▸ WHAT TO DO: Beginning with the line containing "2 Volume Paperback" and ending with the line containing "Wo Elefanten Vorfahrt haben...", write out each line of the records below exactly; pictures and lines outside that range are left out.

▸ RECORDS SUPPLIED:
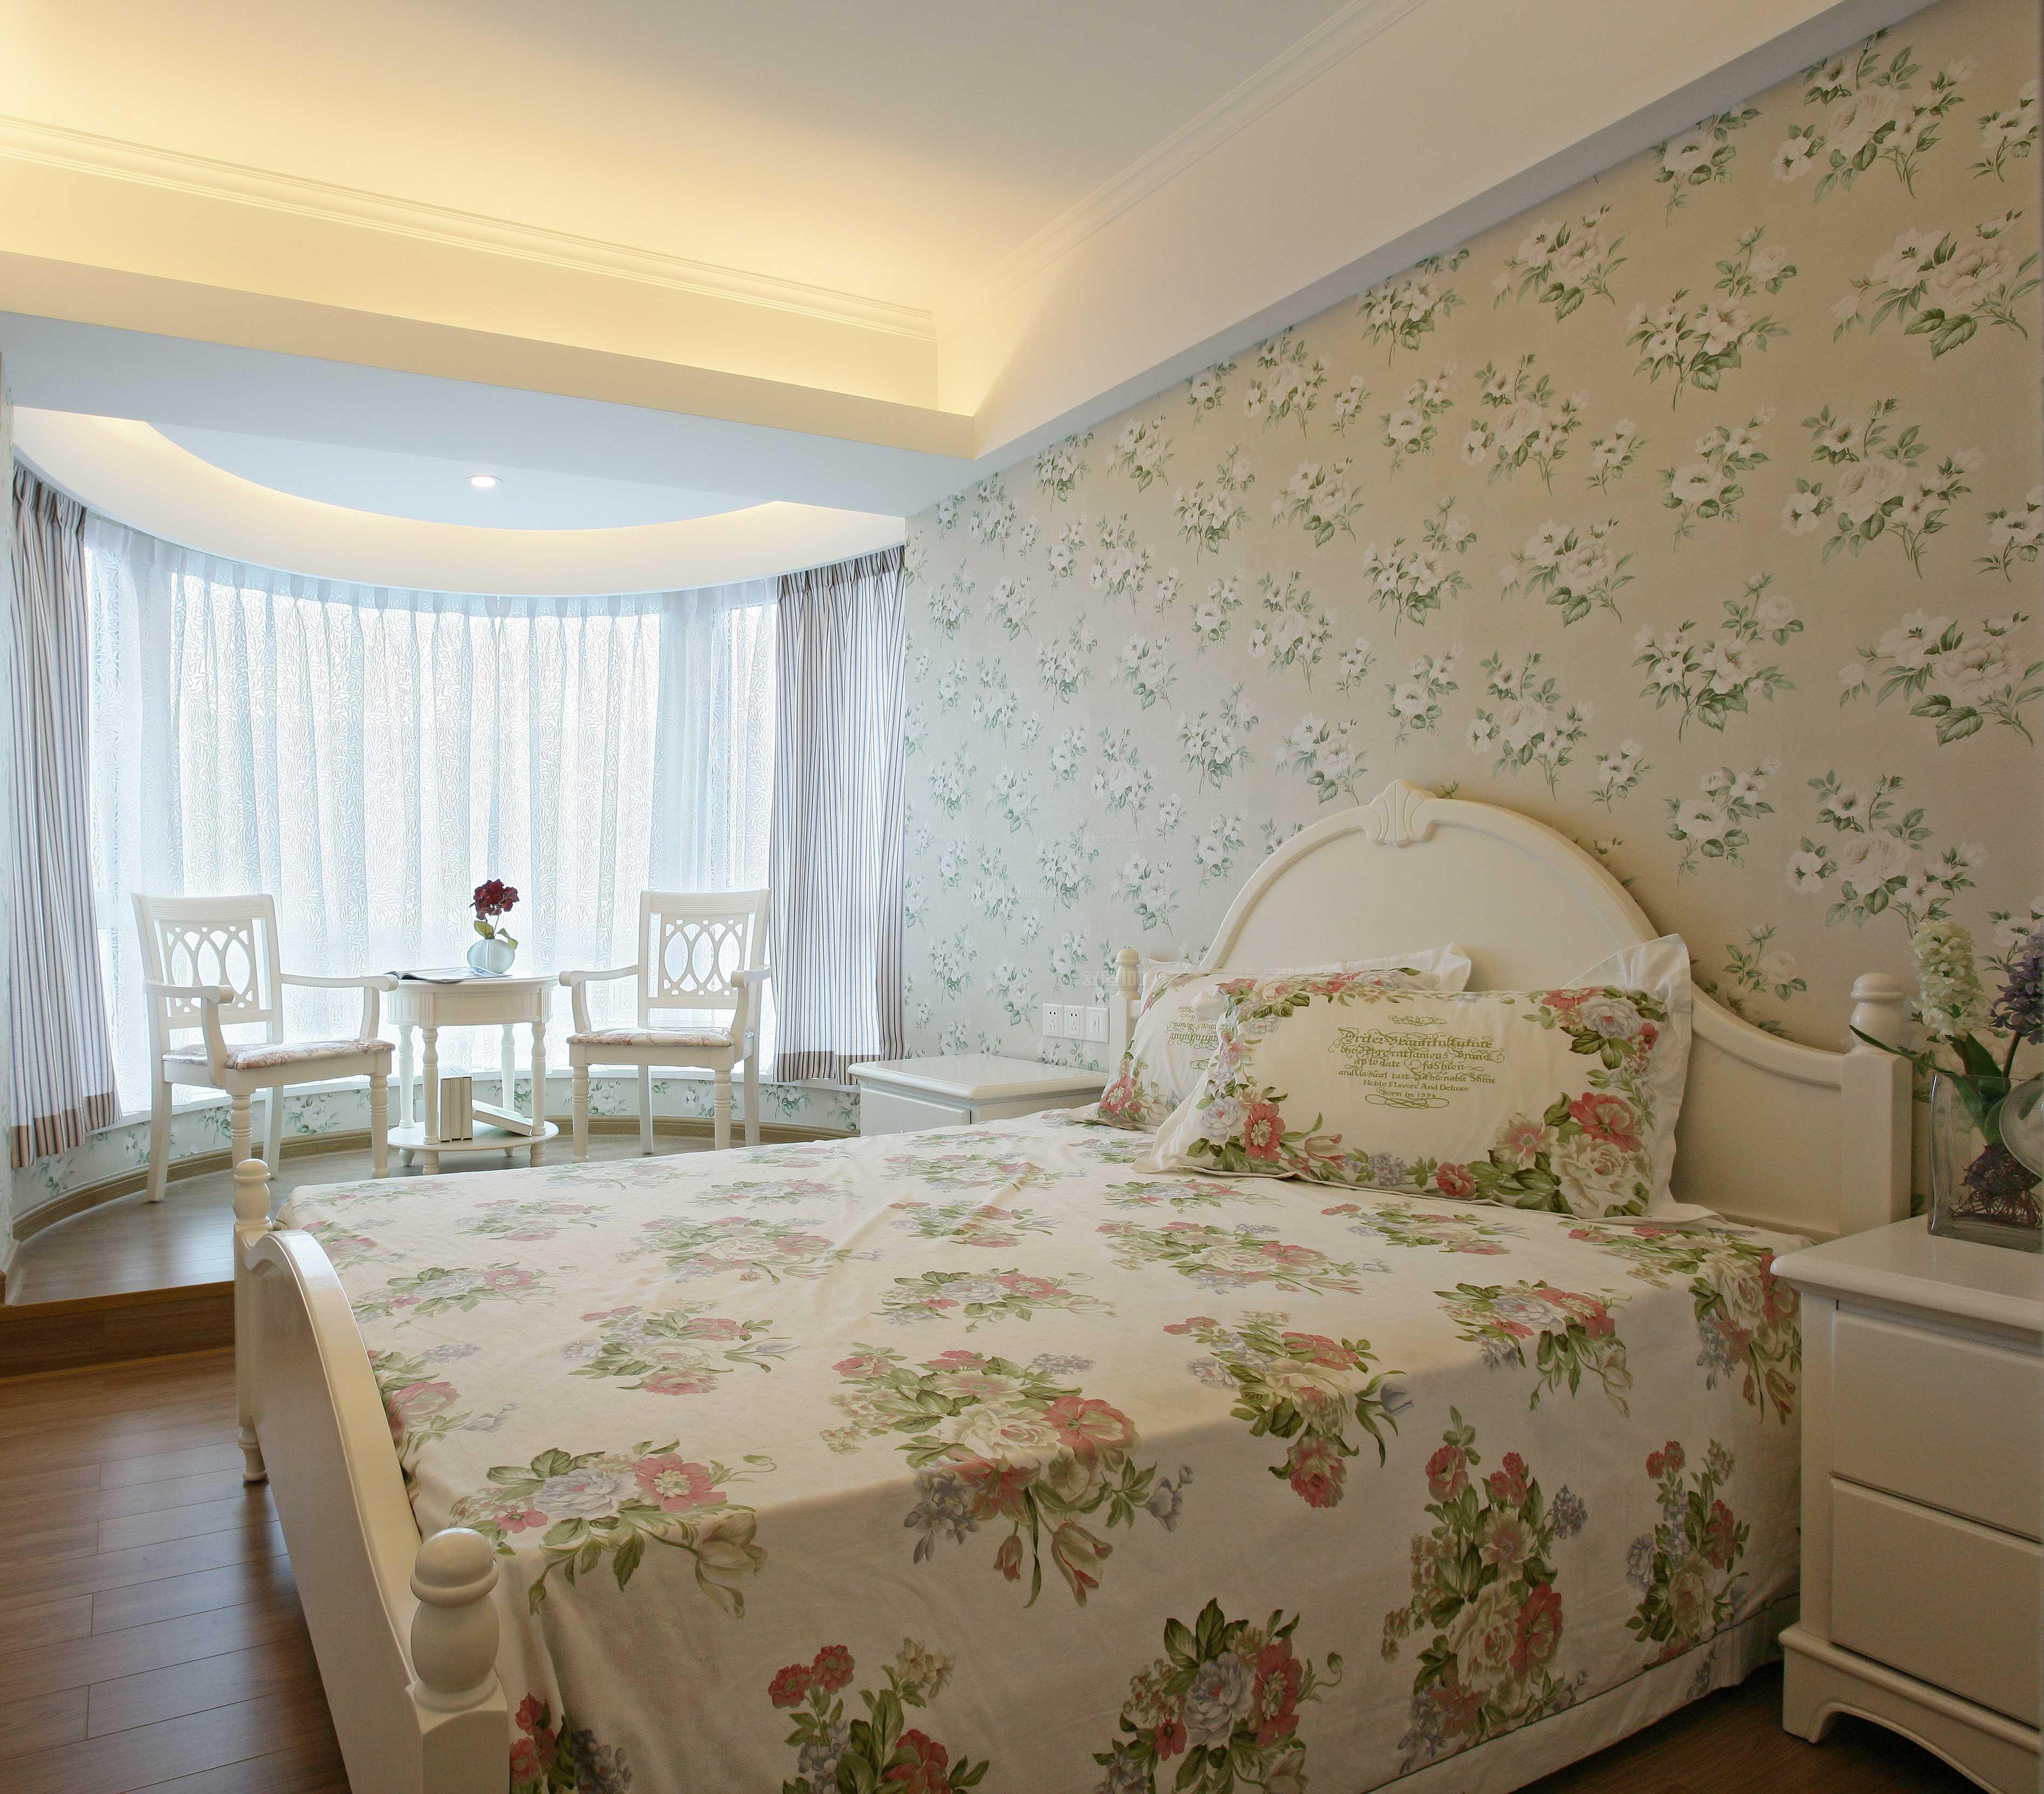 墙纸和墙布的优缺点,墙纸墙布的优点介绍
* * *
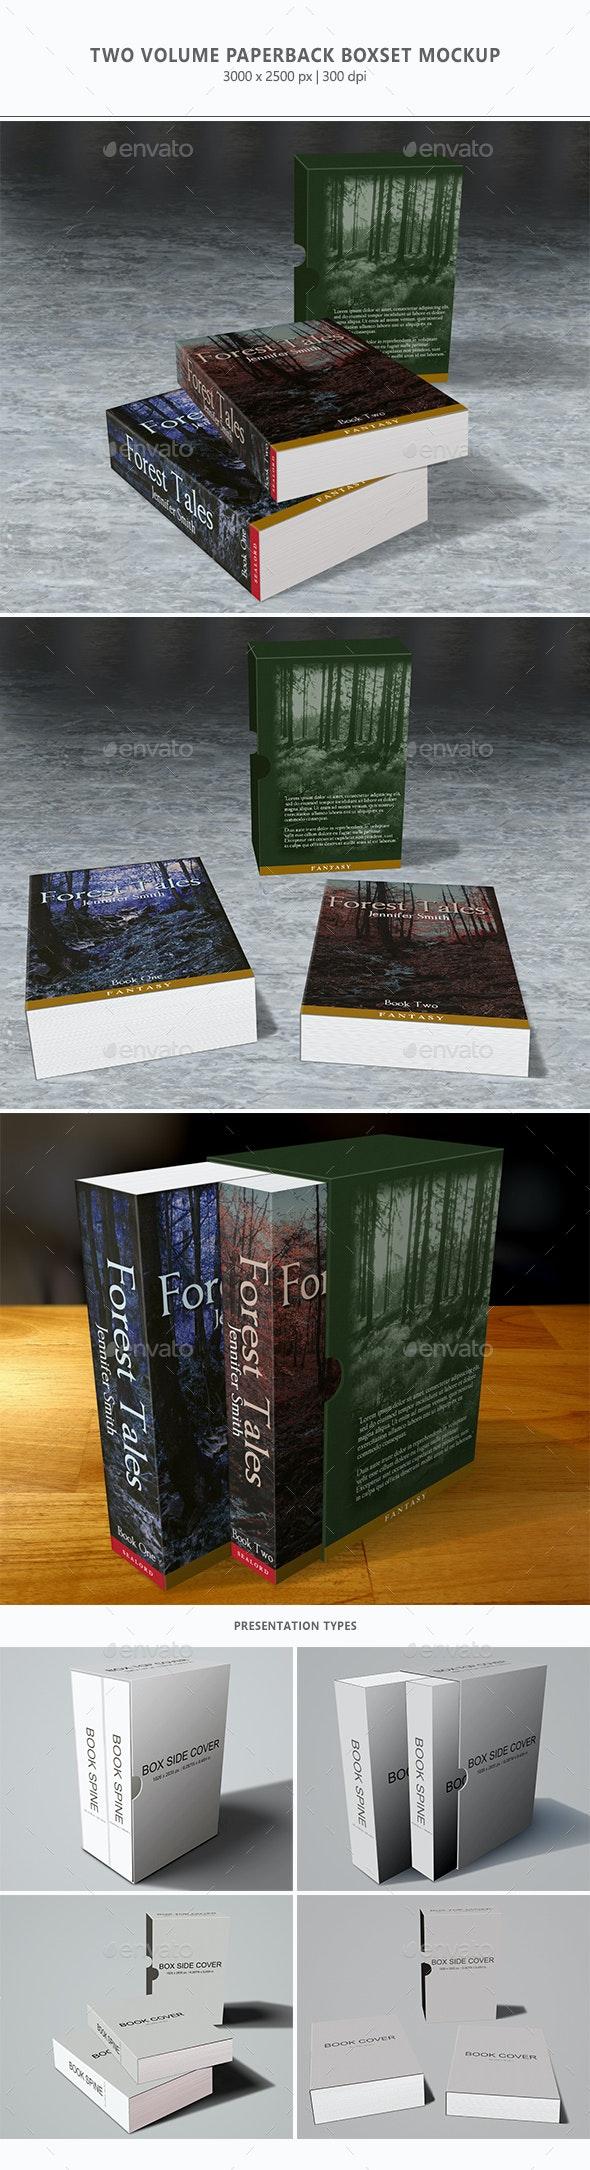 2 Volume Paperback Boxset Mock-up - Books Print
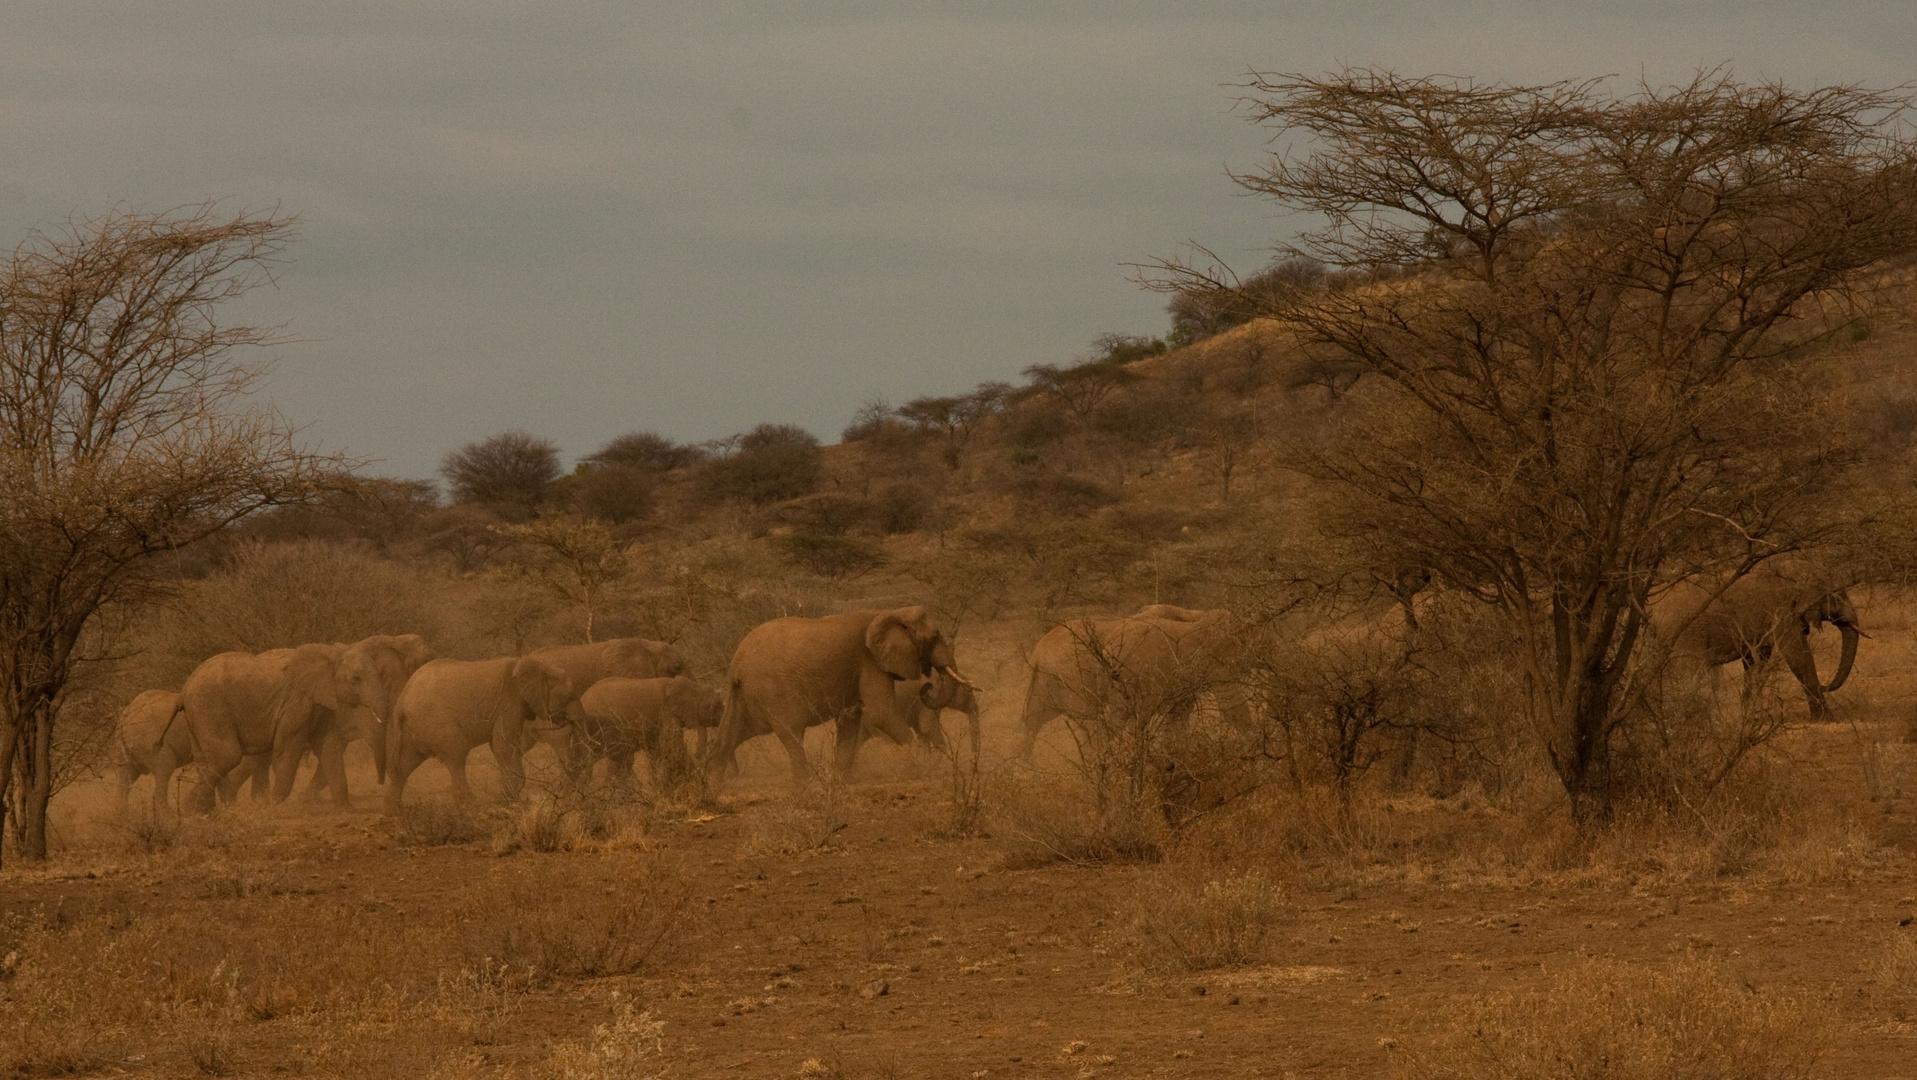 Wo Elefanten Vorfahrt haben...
...
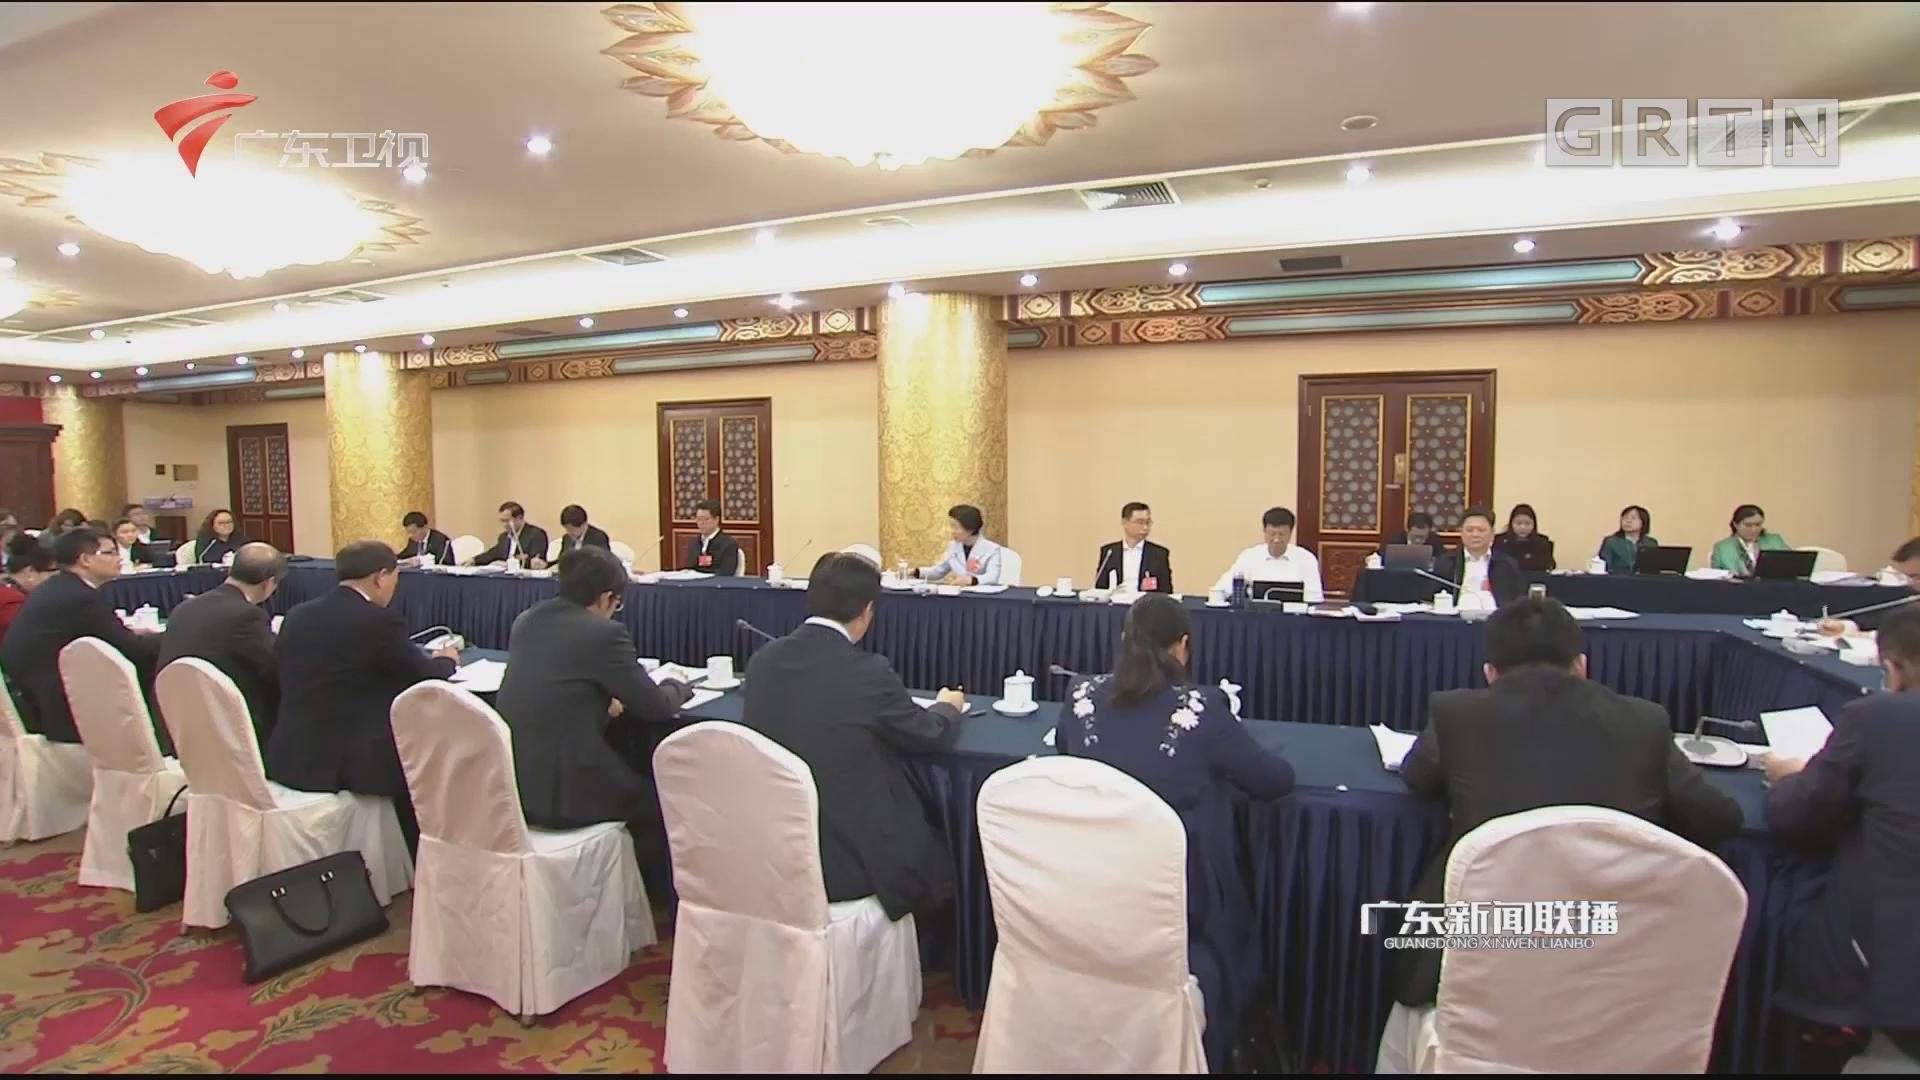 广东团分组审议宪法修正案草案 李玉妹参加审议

▸ SOLUTION TO THIS TASK:
 2 Volume Paperback Boxset Mock-up - Books Print
 Wo Elefanten Vorfahrt haben...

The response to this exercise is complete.